History is not just a subject about dead folks and forgotten events. History is about exercising one’s Inductive Reasoning Skills. In other words, a skilled historian can look at numerous specific facts and from these facts, discern patterns by which they can draw conclusions.

But it goes further than that. Because the human brain is a pattern seeking engine, often finding patterns that don’t really exist. That’s why the random water condensation of clouds will often look like fluffy bunnies or racecars or a guy riding a banana or whatever. The historian knows how to identify patterns and then test those patterns for validity and reliability. Furthermore, the historian can subject the patterns that others describe to evaluation to make sure that what is being described is the truth.

All academic disciplines are, in essence, practices of truth seeking. The more of these practices one gets under their belt, the stronger their minds.

So, yes, I would love it if my students are inspired by my Atomic Bomb Lesson (one of my favorites). If not, that’s okay because that lesson is not the point.

Applying Imagination

I’ve been very fortunate in that throughout my career I’ve not only taught every level from middle school through to early undergraduate. I’ve also taught every major subject. Most of my time I spent teaching history or sociology as well as economics. However, I’ve also taught science, language arts reading and literature, math and even electives like PE, art, computer science, and graphic design. I even started my high school’s first philosophy class. My experience has been wide.4

Each time I found myself teaching outside of my wheelhouse, I asked myself, ‘what is the one underlying skill I want my students to possess when they walk out the door on the last day of class?’ or ‘what kind of imagination am I trying to instill in my students?’ How do I get my students to think like a historian, an economist, a sociologist, a scientist, or an artist?

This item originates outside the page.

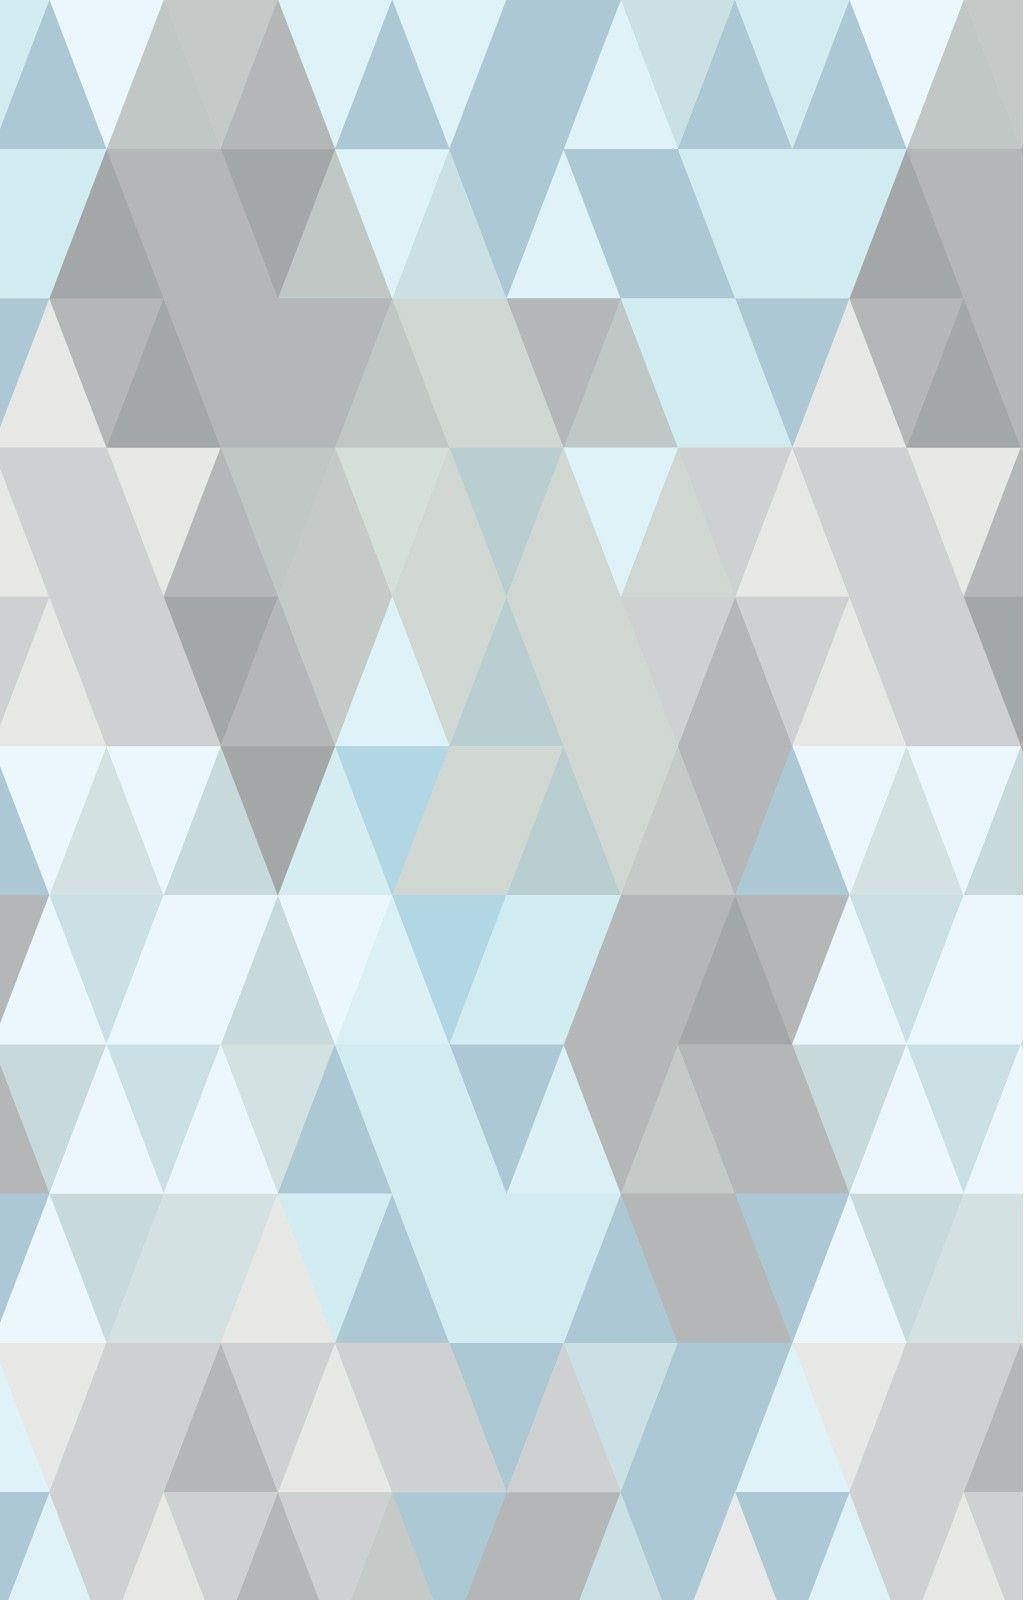 Papier Peint Hicks Hexagon Pas Cher paul : lé papiers de ninon | fondos de colores, diseños de fondo

Below are some general principles though I claim no expertise in all but the social sciences. If a reader has better ideas, let me know and I will be happy to add them.

Social Studies

All of the social studies are dedicated to understanding how larger social forces shape our behavior. The underlying imagination is one of Induction. History, of course looks for patterns in documents, artifacts, and stories requiring the practitioner to be able to analyze and evaluate each to maximize validity or reliability. The great strength of the social studies is that in each there are often multiple models for understanding the world, multiple perspectives that can be pulled in that make the world look a little bit different. The practitioner must be able to recognize that ‘this is the pattern that I see, this is the model that I’m applying, and these are the conclusions that I’m drawing. However, there are other ways to look at this pattern, and other models, that might lead to slightly different conclusions. They may even be better conclusions…and I need to be open to those possibilities.

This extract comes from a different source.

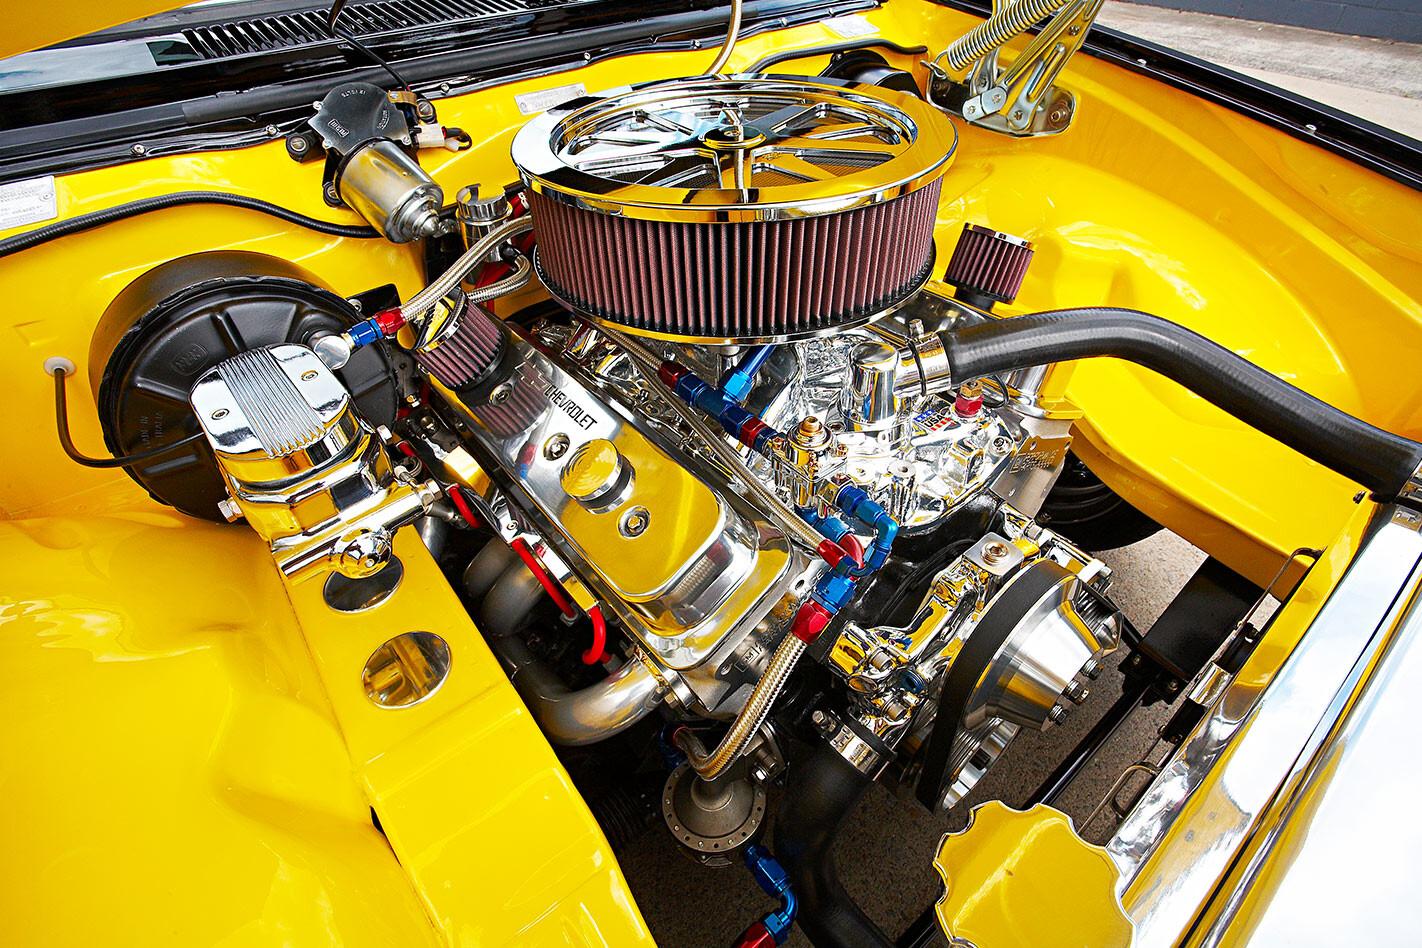 Holden Torana SS engine

Another great strength of the social studies is the breadth and width of knowledge that is required to do it well. I’m old enough to remember when Interdisciplinary Units were all the rage. Interdisciplinary Units were those in which teacher who taught different subjects would overlap around a particular theme to reinforce learning. This required significant coordination and collaboration with other teachers. In such a strategy, the social studies become central. I had a department head who always reminded us that “social studies is the interdisciplinary unit.” Teaching social studies there’s always an opportunity to throw in literature, science, math, foreign language, art…everything you can image.

Science

Science emphasizes deductive reasoning. It’s built into the scientific method. You start with a theory, formulate a premise or a hypothesis, test the hypothesis, and draw conclusions.5 The goal is to understand and to interact with the world as it is, not as it seems to be.

The bottom line is that the scientific method is the greatest contribution to human thought ever developed. The scientific method is why we have everything we do, from potato chips to computer chips. This process is how we went from a species using sticks and rocks to shape our environment to actually living in space.

The most important lesson from science is the understanding that, “I could be wrong. How do I find out?”

Mathematics

If there’s a subject that can benefit from this Imaginative Approach to teaching, it’s mathematics. When that student raises his hand and insists, “This is stupid! How can I have negative apples!” you better have a better explanation than, “Someone might put a gun to your head and force you to solve a quadratic equation.” Nobody is going to believe that. There are no roving bands of Pythagorean gangs in the big city.

The truth is, almost none of your students are ever going to use Cosine to calculate the distance of x from y. They know it. You know it. Don’t even try.

Remember, the goal is not that the student can implement Pascal’s Triangle to expand a binomial. What you are teaching, in my mind, is a systematic and sequential approach to problem solving. It’s the story of the truck driver approaching an overpass that was two inches too short for his rig. He can’t turn around because there’s a barrier. What does he do? Well, he can’t lift the bridge, so he’ll have to find a way to lower the rig. How does he lower the rig? I know, he can let three inches worth of air out of his tires. That will get him under the overpass. Then he can refill his tires at the next gas station.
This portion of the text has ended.